Land of Legends Raceway
- Location: 2820 County Road 10, Canandaigua, NY, 14424
- Coordinates: 42°53′41″N 77°14′59″W﻿ / ﻿42.89472°N 77.24972°W
- Owner: Ontario County Agricultural Society
- Operator: Paul Cole
- Opened: 1953
- Former names: Canandaigua Motorsports Park, Canandaigua Speedway
- Website: www.landoflegendsraceway.com
- Length: 0.50 mi (0.8 km)
- Turns: 4

= Land of Legends Raceway =

Dirt oval in Canandaigua, New York

Land of Legends Raceway is a 1/2 mi dirt oval racing facility in the Finger Lakes Region of New York State. The track is located on and a part of the Ontario County Fairgrounds.

==Overview==
In April 1953 the Ontario County Agricultural Society approved the use of the Canandaigua Fairgrounds for auto racing. Sanctioned by the National Auto Racing Association, the opening event was held that year on Memorial Day. The venue continued to host auto racing for more than a decade before going dormant. Bub Benway, promotor of the Fulton Speedway in Central New York, revived the racetrack in 1972.
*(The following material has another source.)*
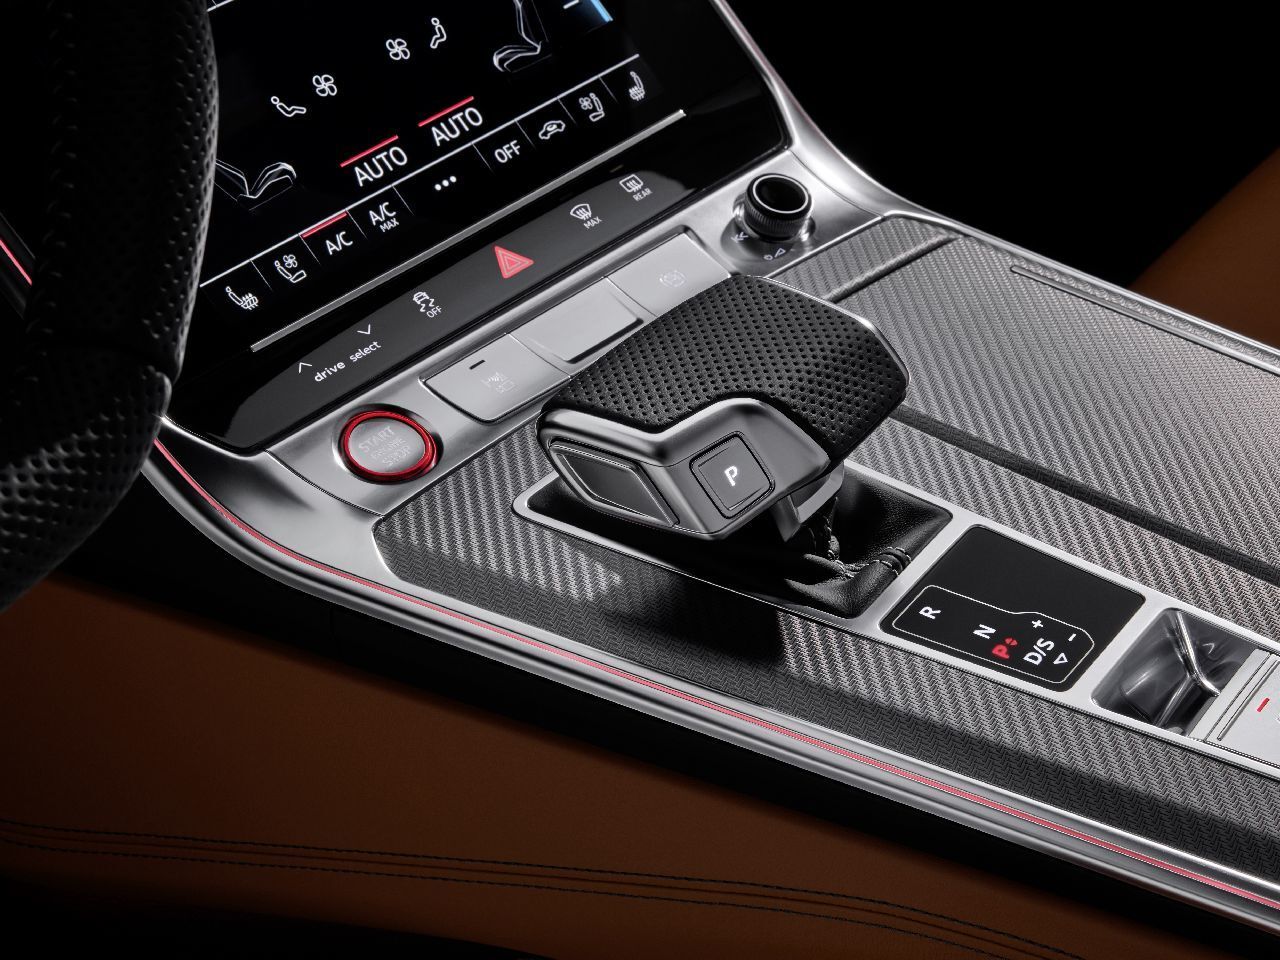 Audi RS6 (2019)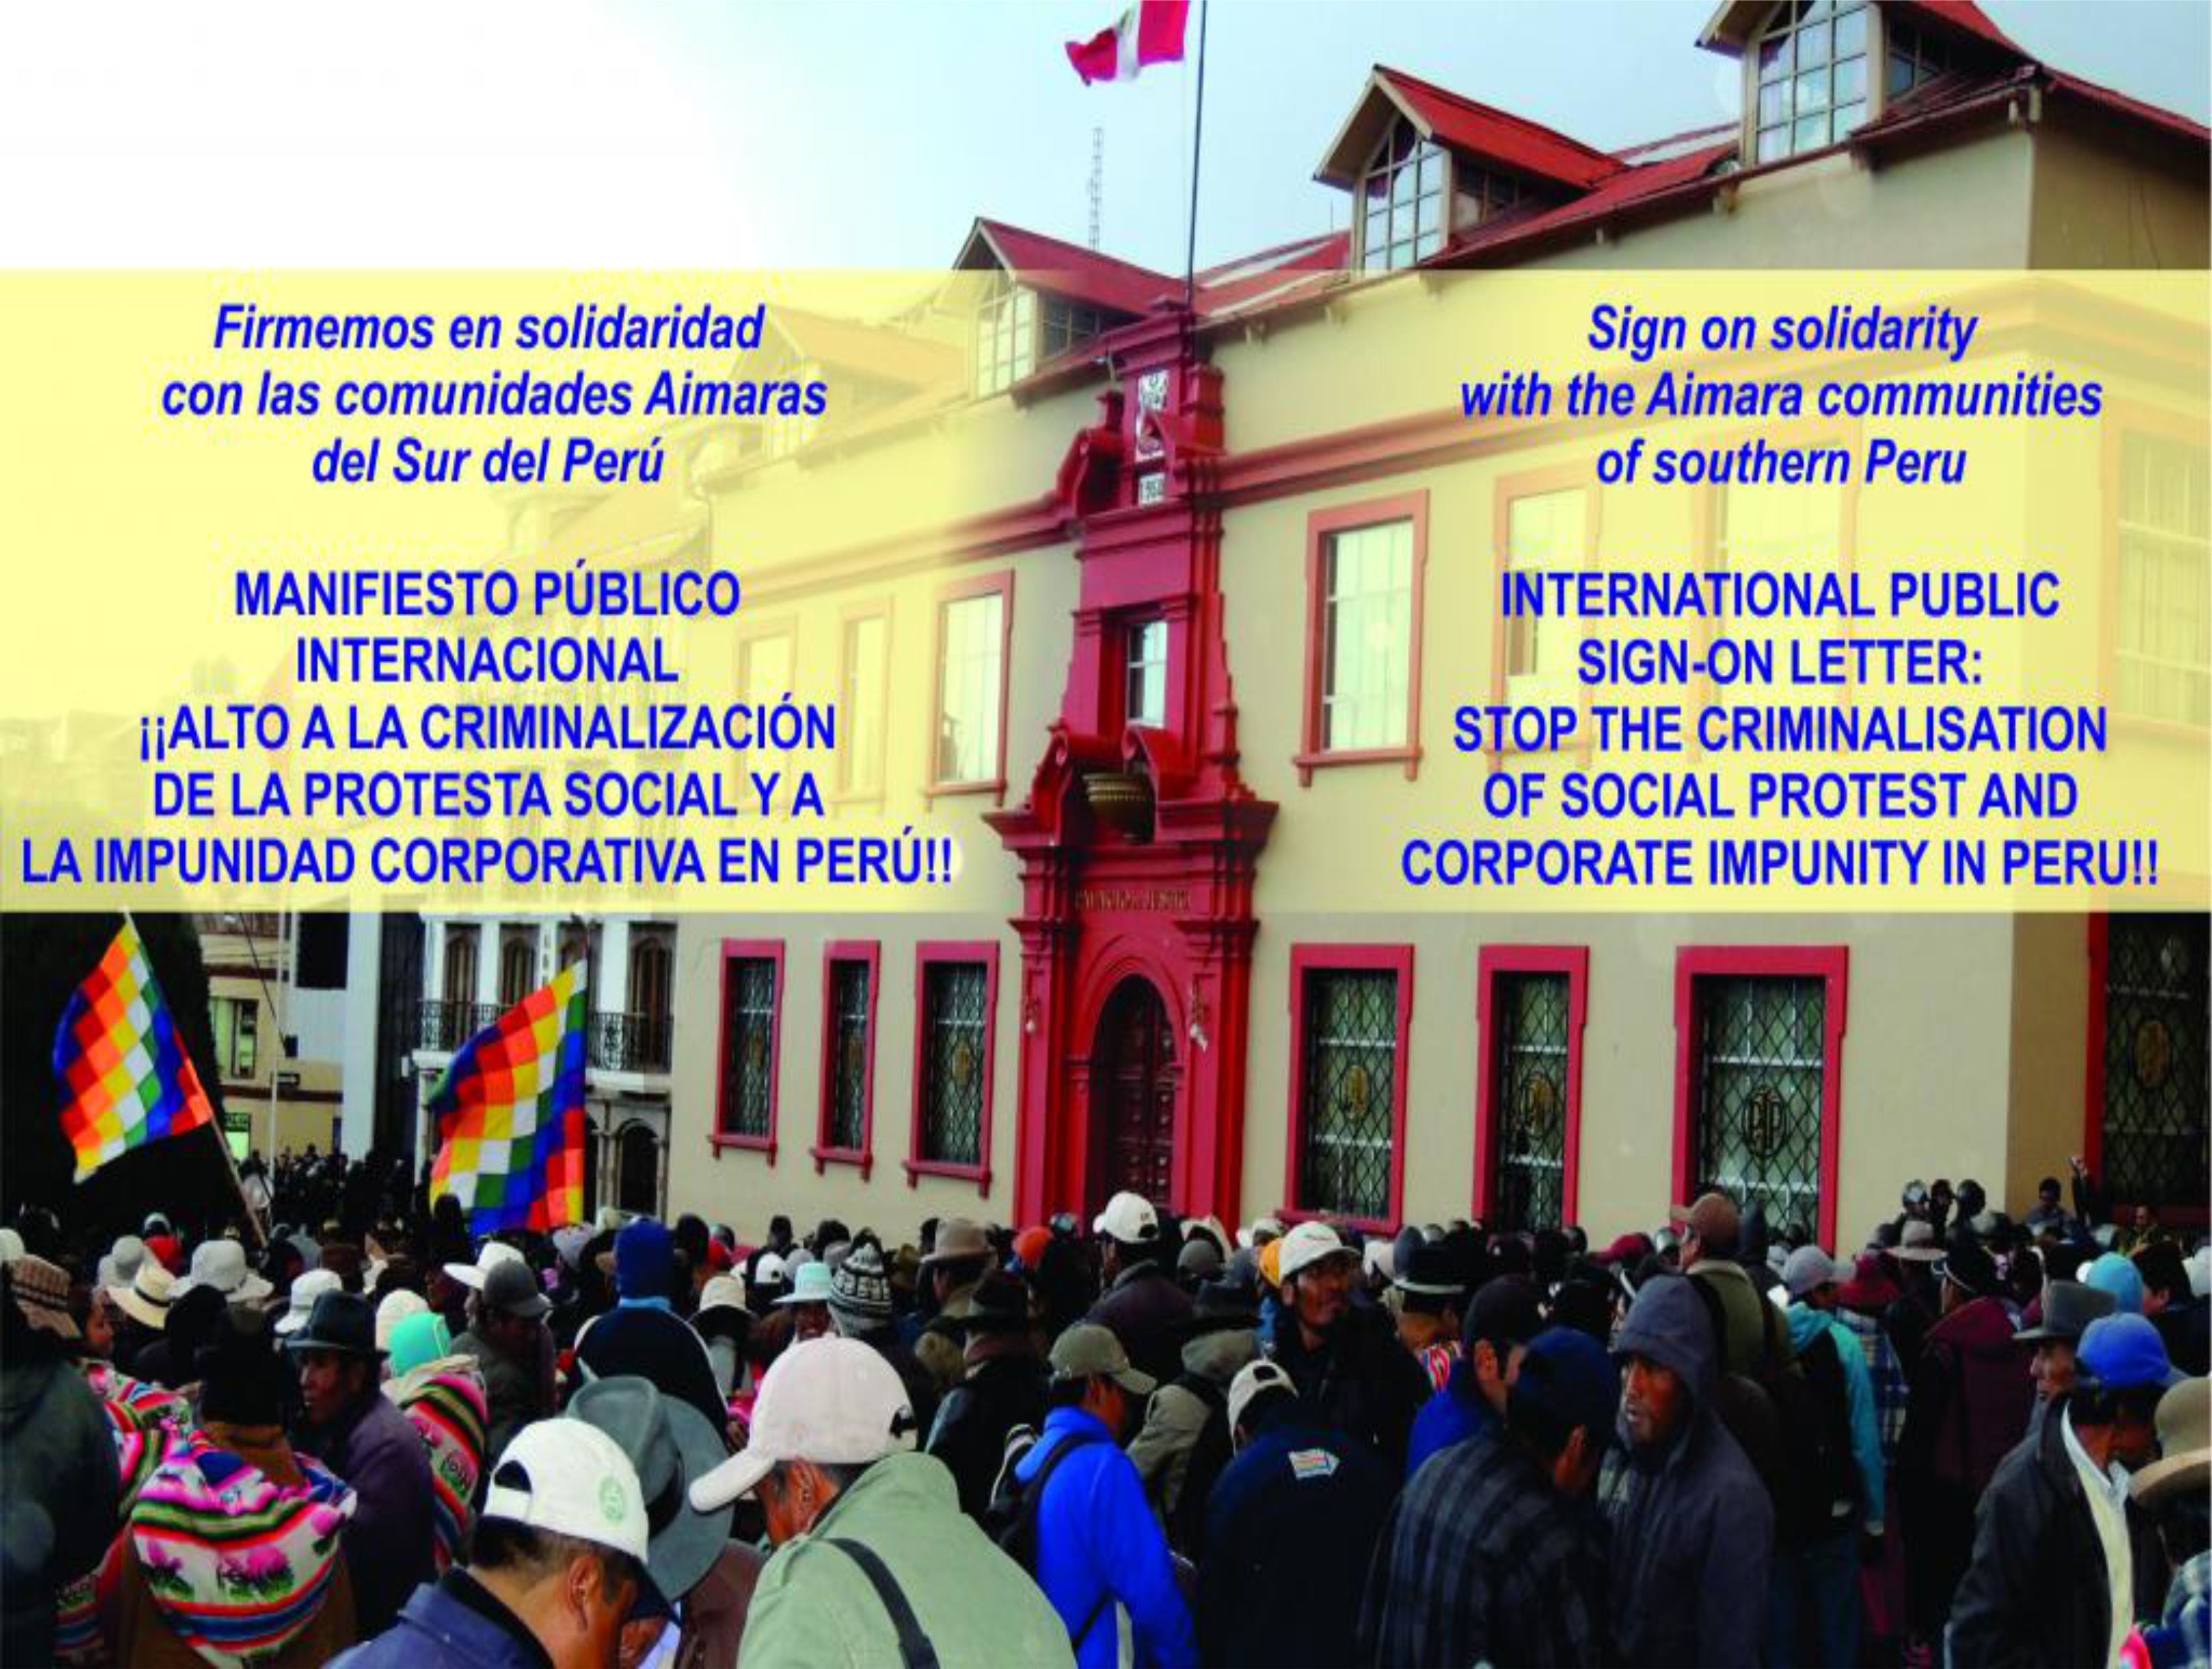 ¡ALTO A LA CRIMINALIZACIÓN DE LA PROTESTA SOCIAL Y A LA IMPUNIDAD CORPORATIVA EN PERÚ!

A two-year lease by Dominick Tantalo was marred by a collapse of the grandstand in 1976, injuring over 60 people. Tantalo bought in several sections of portable bleachers for the remainer of the season, but then turned his attention to re-opening the Maple Grove Speedway in Waterloo, New York.

In 1978 the track began a three-decade tenure as a flagship of DIRT Motorsports when the organization's president, Glen Donnelly, negotiated to rebuild the grandstands. Veteran promoter Jermie Corcoran then took over the Fairgrounds' lease in 2011.

The facility has been promoted by Paul Cole since 2018.

==Events==
The venue hosts auto racing every Saturday evening during the summer. The track features DIRT big-block modifieds, DIRT sportsman, 305 sprint cars and street stocks.

==Incidents==
The track was the site where on August 9, 2014, NASCAR driver Tony Stewart collided with Kevin Ward, Jr., who was standing on track. Ward died from injuries sustained from the collision. The incident was investigated, with officials discovering Ward had competed while intoxicated by cannabinoids (marijuana). It led to World Racing Group, which sanctions selected races at the circuit, imposing drug testing.